_Aim of the exercise_. From the line containing "National Foster Parent" to the line containing "OPTiX Multipurpose Sponge Applicator Pad" in the entries below, reproduce every line exactly, ends included. Nothing else belongs in the copy, and no pictures.

_Dataset entries_.

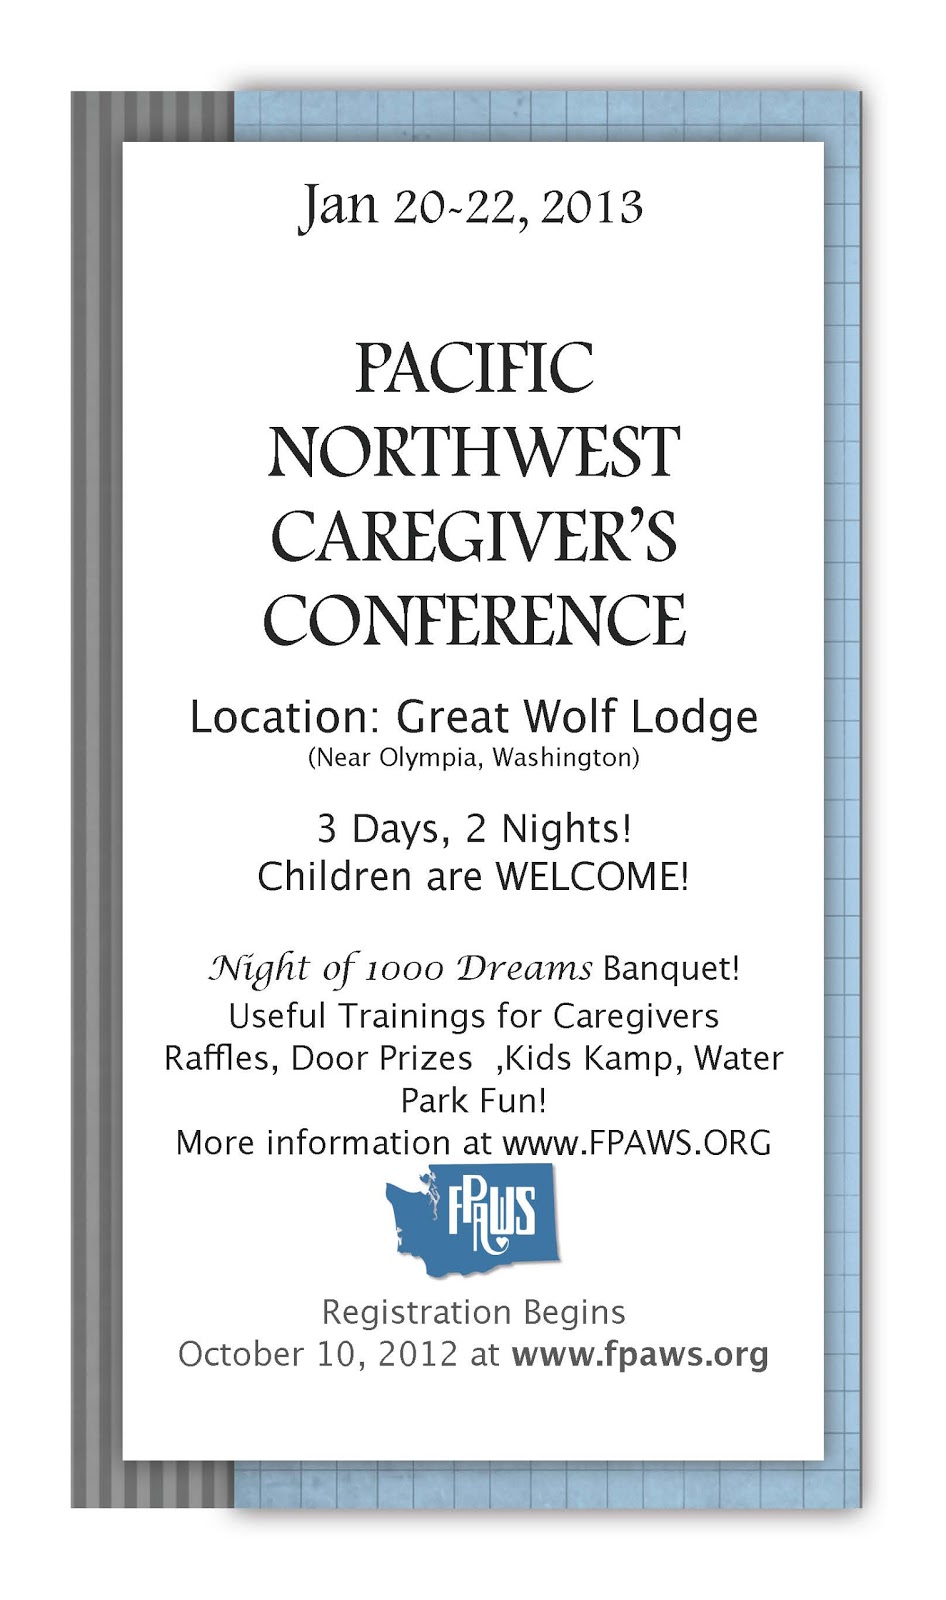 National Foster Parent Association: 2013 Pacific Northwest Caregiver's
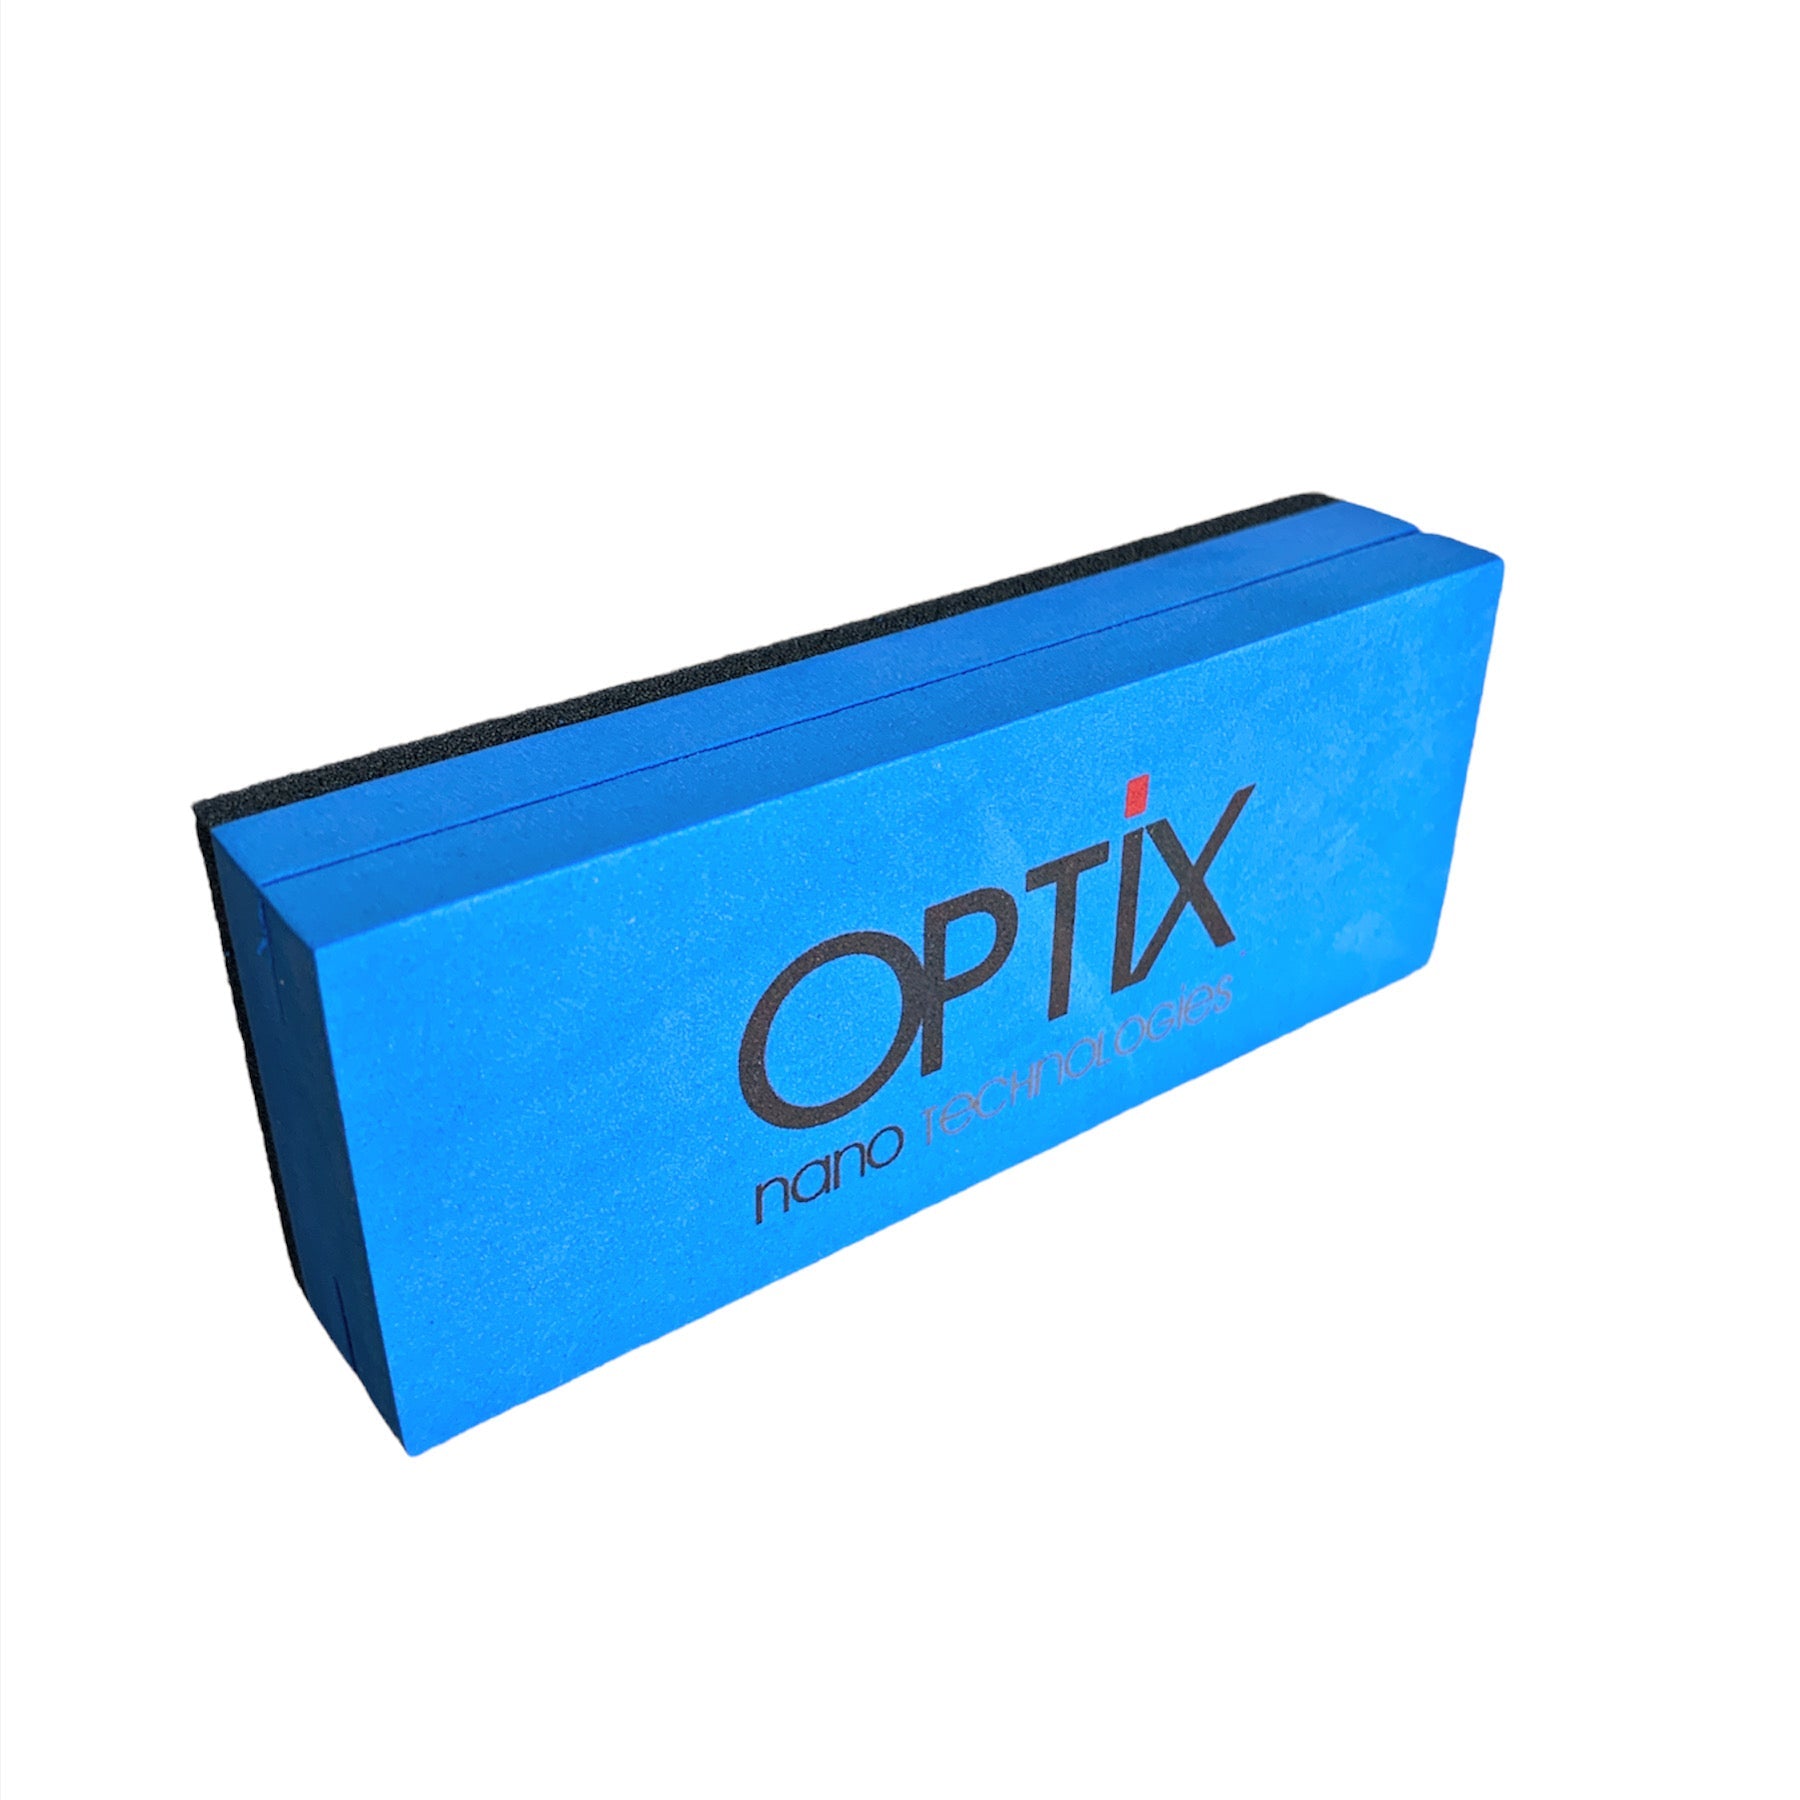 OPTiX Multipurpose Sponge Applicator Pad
---
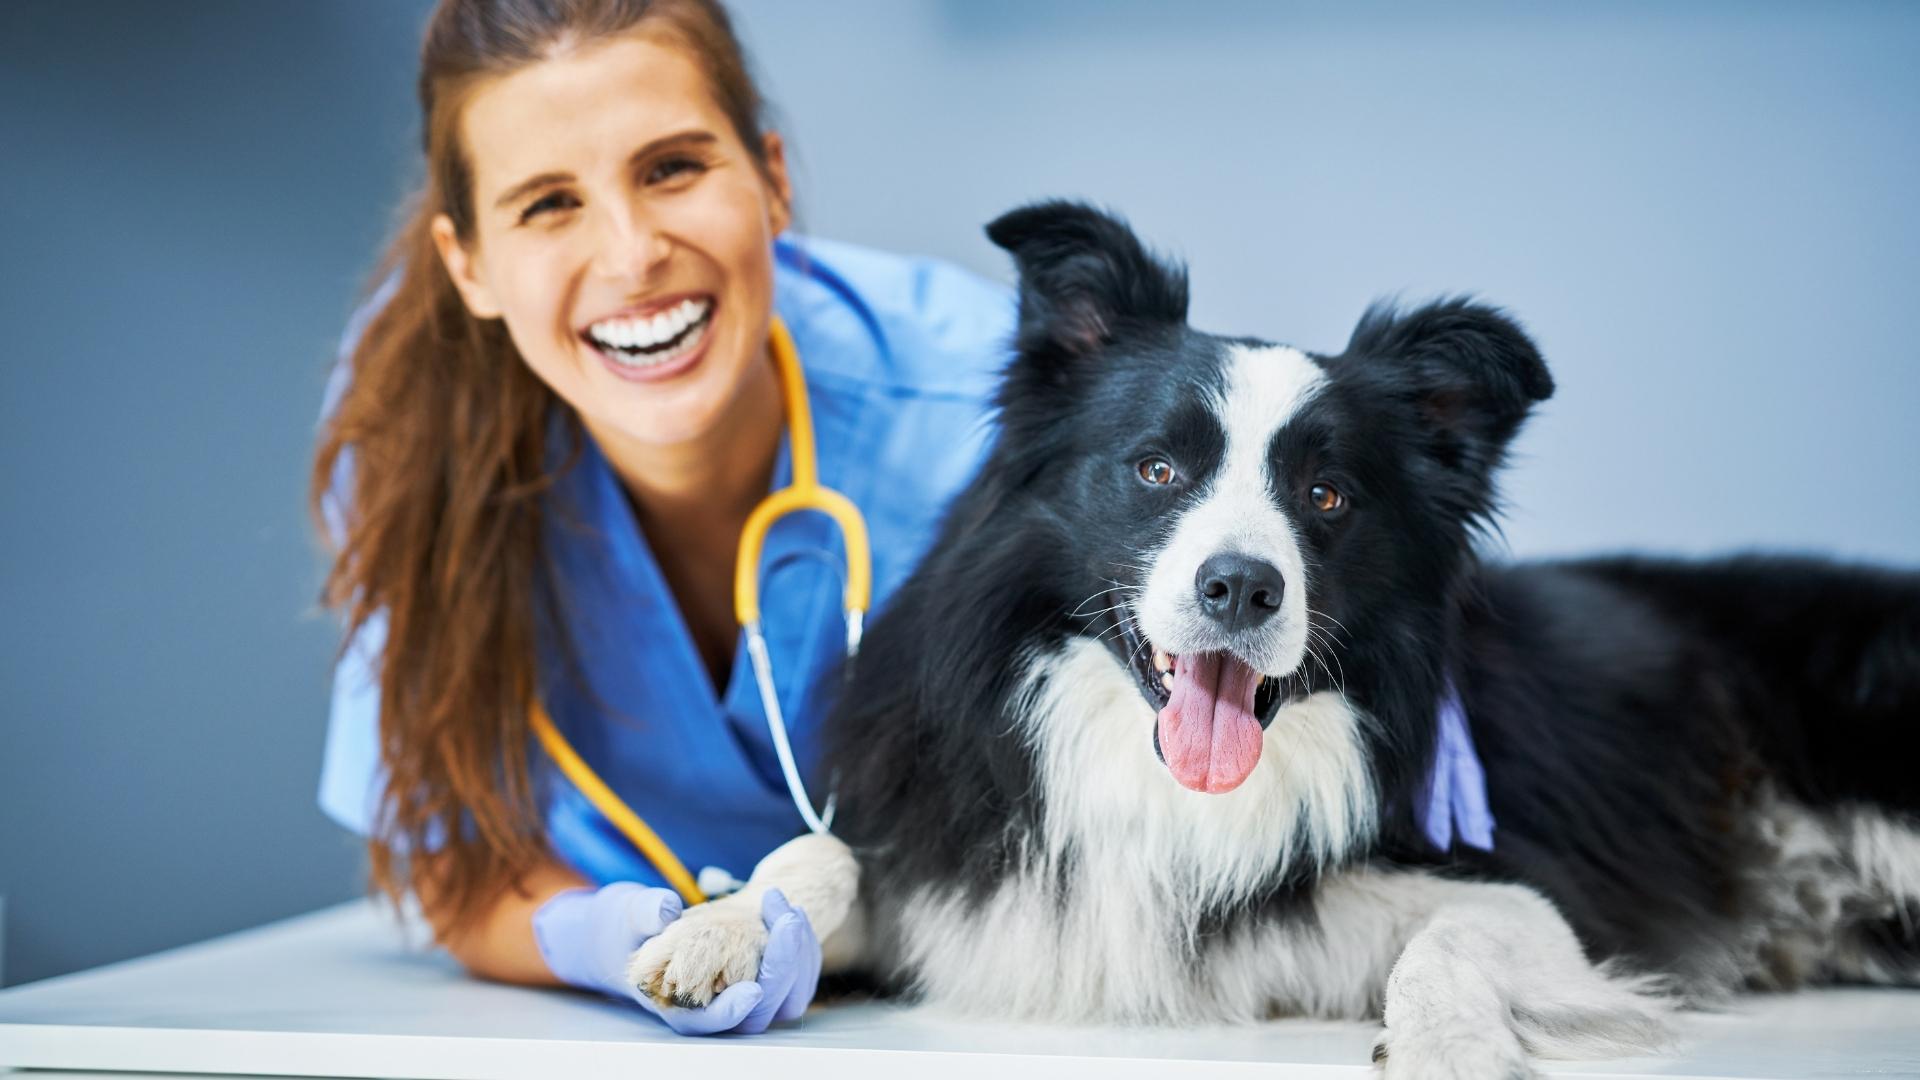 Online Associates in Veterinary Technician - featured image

_Exercise answer_.
 National Foster Parent Association: 2013 Pacific Northwest Caregiver's
 OPTiX Multipurpose Sponge Applicator Pad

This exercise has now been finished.